JAKARTA, GRESNEWS.COM - Pembatasan peninjauan kembali (PK) hanya sekali yang dimaksudkan untuk memberikan kepastian hukum dianggap justru menimbulkan kegamangan hukum. Sebab PK hanya sekali bertentangan dengan putusan MK. Pembatasan PK dengan dalih memberikan kepastian hukum juga seharusnya tidak boleh bertentangan dengan prinsip pencapaian keadilan.    

Pandangan ini disampaikan pemohon dalam sidang agenda bantahan atas gugatan tiga advokat Miftahur Rokhman Habibi (Peradi), Marselinus Abi (Kongres Advokat Indonesia) dan Edy M. Lubis (Peradin) terhadap MA. Sebelumnya MA digugat lantaran menerbitkan Surat Edaran MA Nomor 7 Tahun 2014 (SEMA 7/2014) yang berisi ketentuan pembatasan PK hanya sekali.

Dalam replik atau bantahan atas jawaban tergugat, Kuasa hukum pemohon Dedi Junaedi Syamsudin menyatakan menolak seluruh eksepsi dan dalil tergugat. Ia tetap pada dalil gugatan semula bahwa tindakan MA menerbitkan SEMA 7/2014 telah mengakibatkan kegamangan hukum dan membuat pranata hukum di Indonesia tidak sejalan dengan rasa keadilan dalam negara hukum.

"SEMA bukan norma hukum sehingga tidak boleh mengensampingkan putusan Mahkamah Konstitusi (MK) Nomor 34/PUU-XI/2013 yang membatalkan PK hanya sekali," kata Dedi yang tergabung dalam Himpunan Advokat Muda Indonesia (HAMI) DPD DKI Jakarta pada Gresnews.com usai sidang replik di Pengadilan Negeri Jakarta Pusat, Jakarta, Senin (27/4).

Menurutnya putusan MK bersifat final, mengikat, dan wajib dijalankan seluruh lembaga mengacu pada Pasal 10 ayat (1) Undang-Undang Nomor 24 Tahun 2003 tentang MK. Lalu terhadap dalil tergugat yang menilai SEMA 7/2014 diterbitkan untuk memberikan kepastian hukum dianggap tidak sejalan dengan keadilan. Sebab menurut Pasal 28 D ayat (1) UUD 1945 disebutkan kepastian hukum harus sejalan dengan keadilan.

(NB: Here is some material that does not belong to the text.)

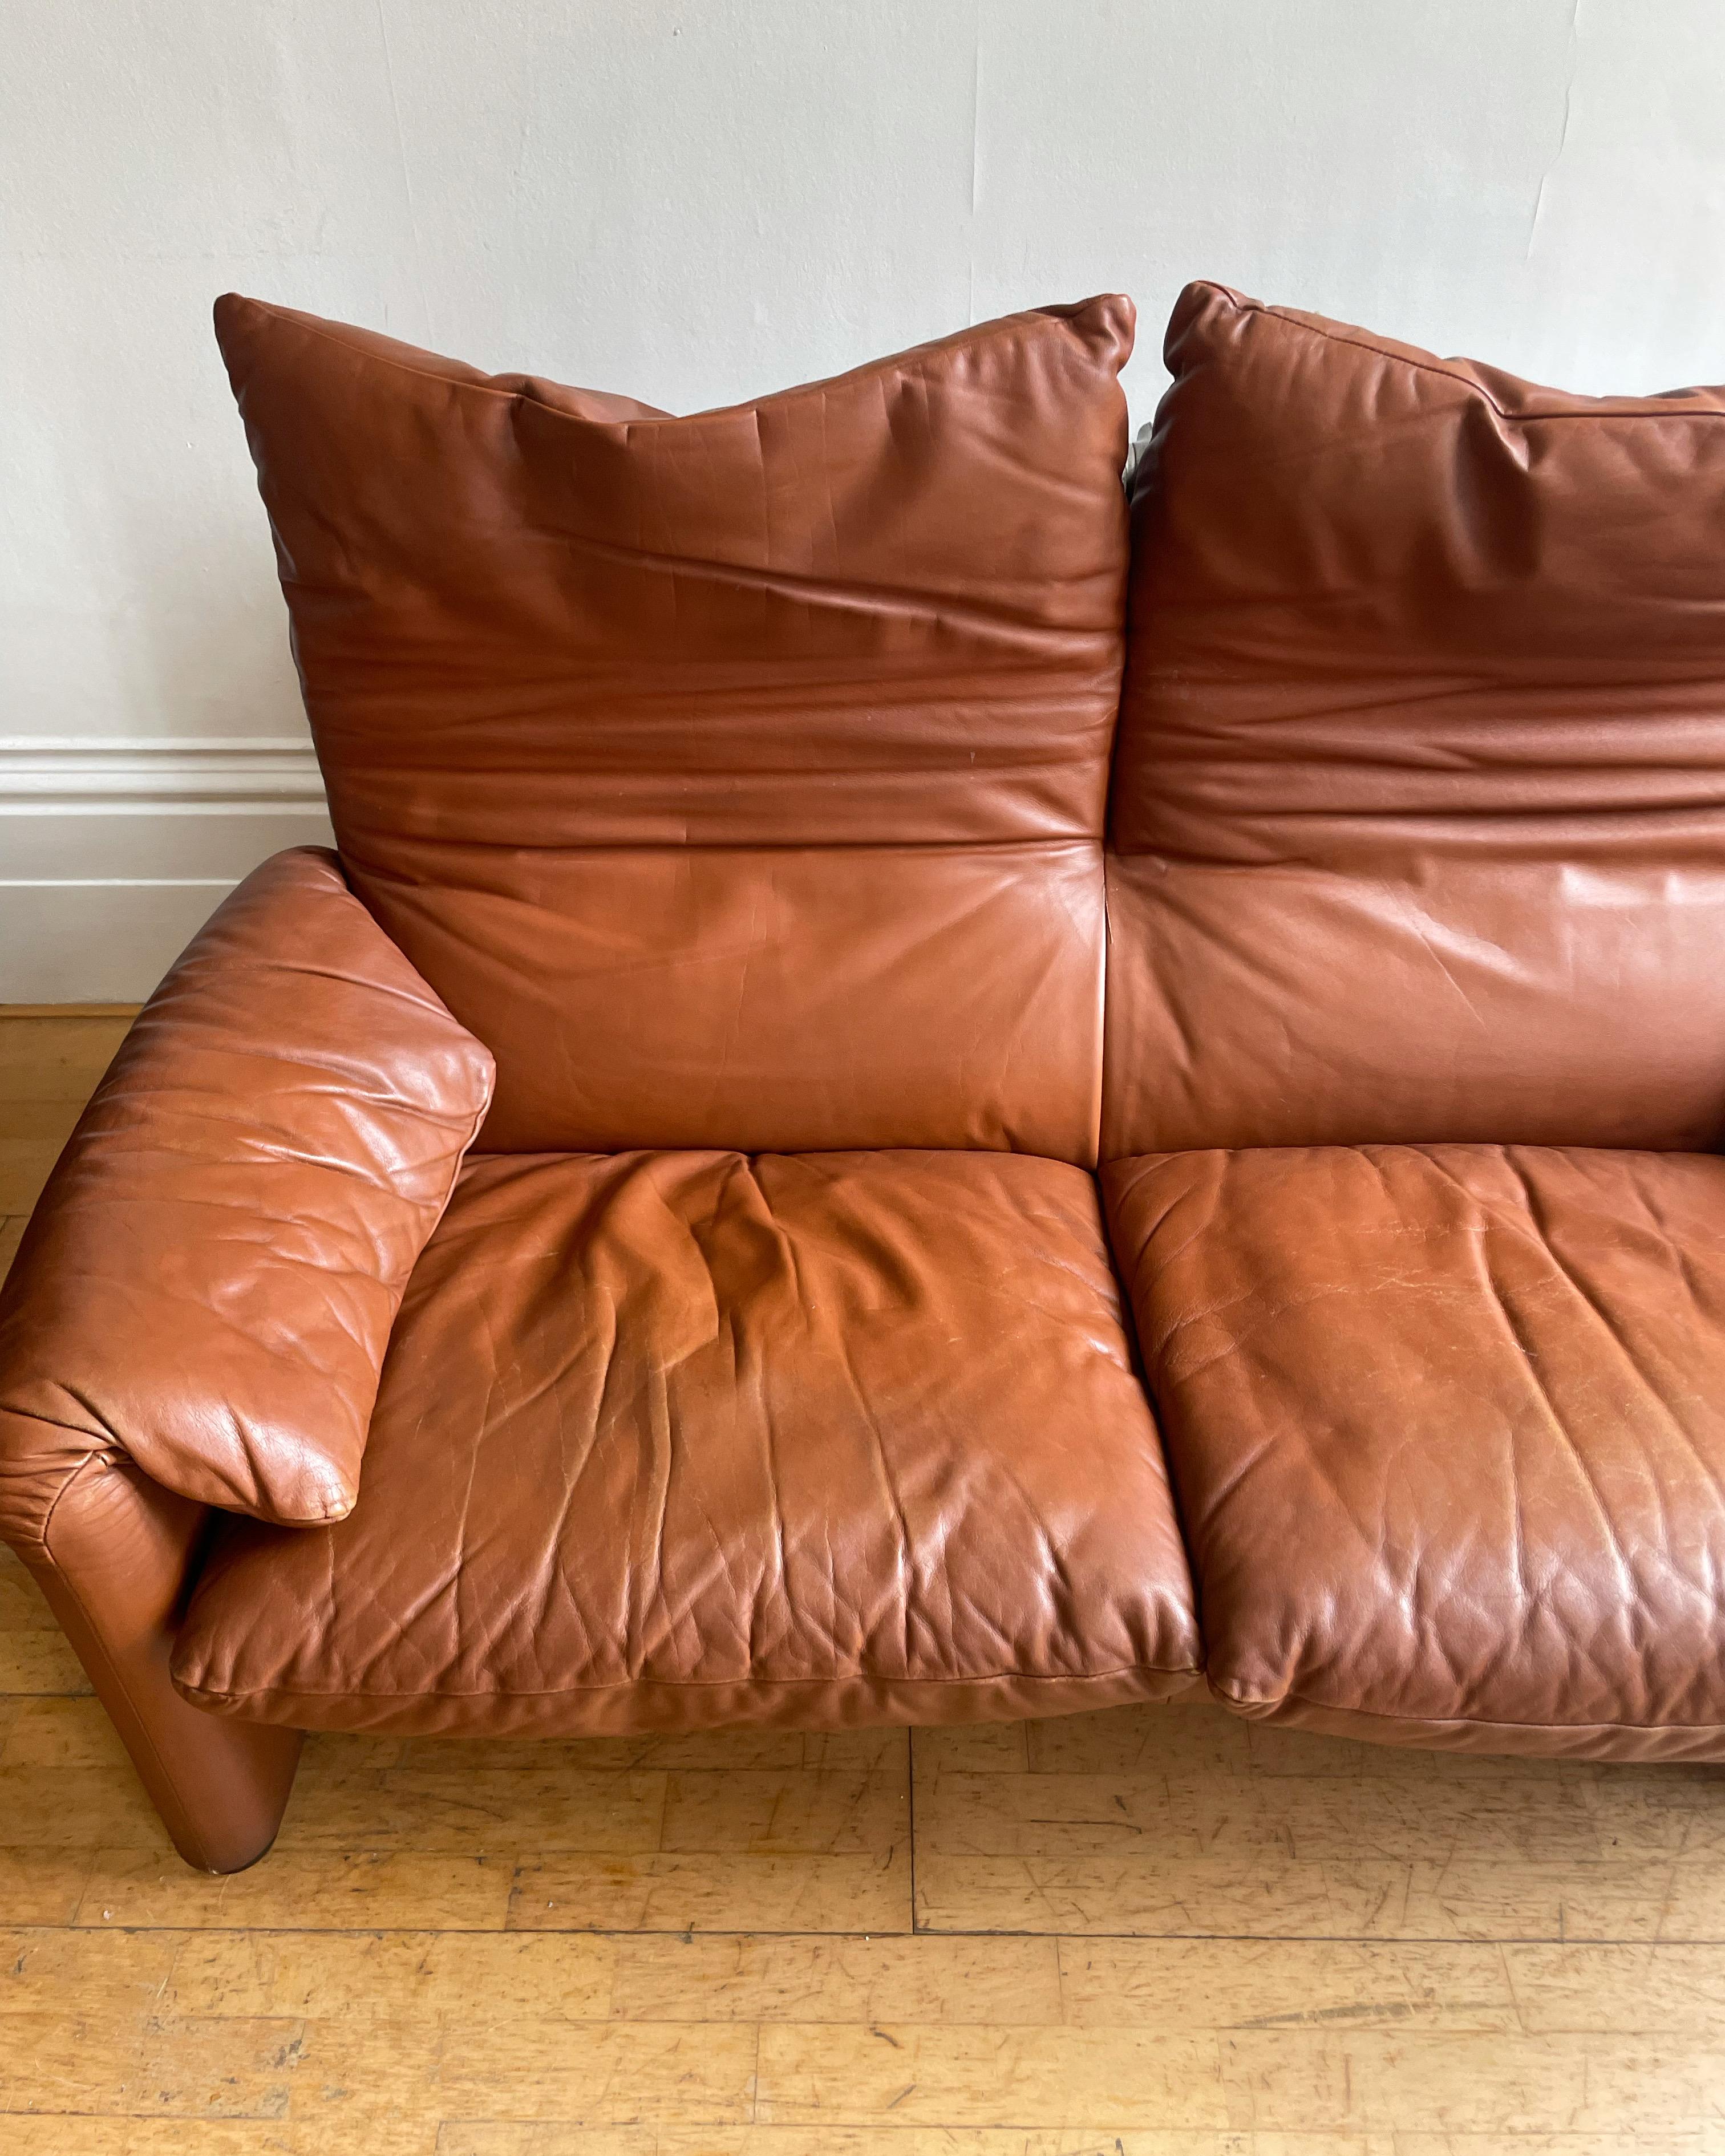 Here is a vintage version of the leather Maralunga two-seater sofa, designed by Vico Magistretti in 1973. It remains with its original tan brown leather, still in good condition, with some scuffs and creasing to the seating as documented, as well as

Menurutnya, kepastian hukum sesuai dengan putusan MK sangat layak untuk dibatasi. Tapi upaya pencapaian keadilan tidak seharusnya dibatasi. Dalam kaitannya dengan PK, pengajuan PK dianggap sangat terkait dengan hak asasi manusia yang paling mendasar yaitu kebebasan dan kehidupan manusia.

Menanggapi hal ini, Kuasa hukum MA Liliek Prisbawono menyatakan MA juga kekeh bahwa forum gugatan untuk membatalkan SEMA 7/2014 bukan di pengadilan negeri Jakarta Pusat. Ia berpendapat MA memang berwenang mengeluarkan SEMA. “Soal argumen pencarian keadilan itu tergantung pendapat hakim,” ujar Liliek saat dihubungi Gresnews.com, Senin (27/4).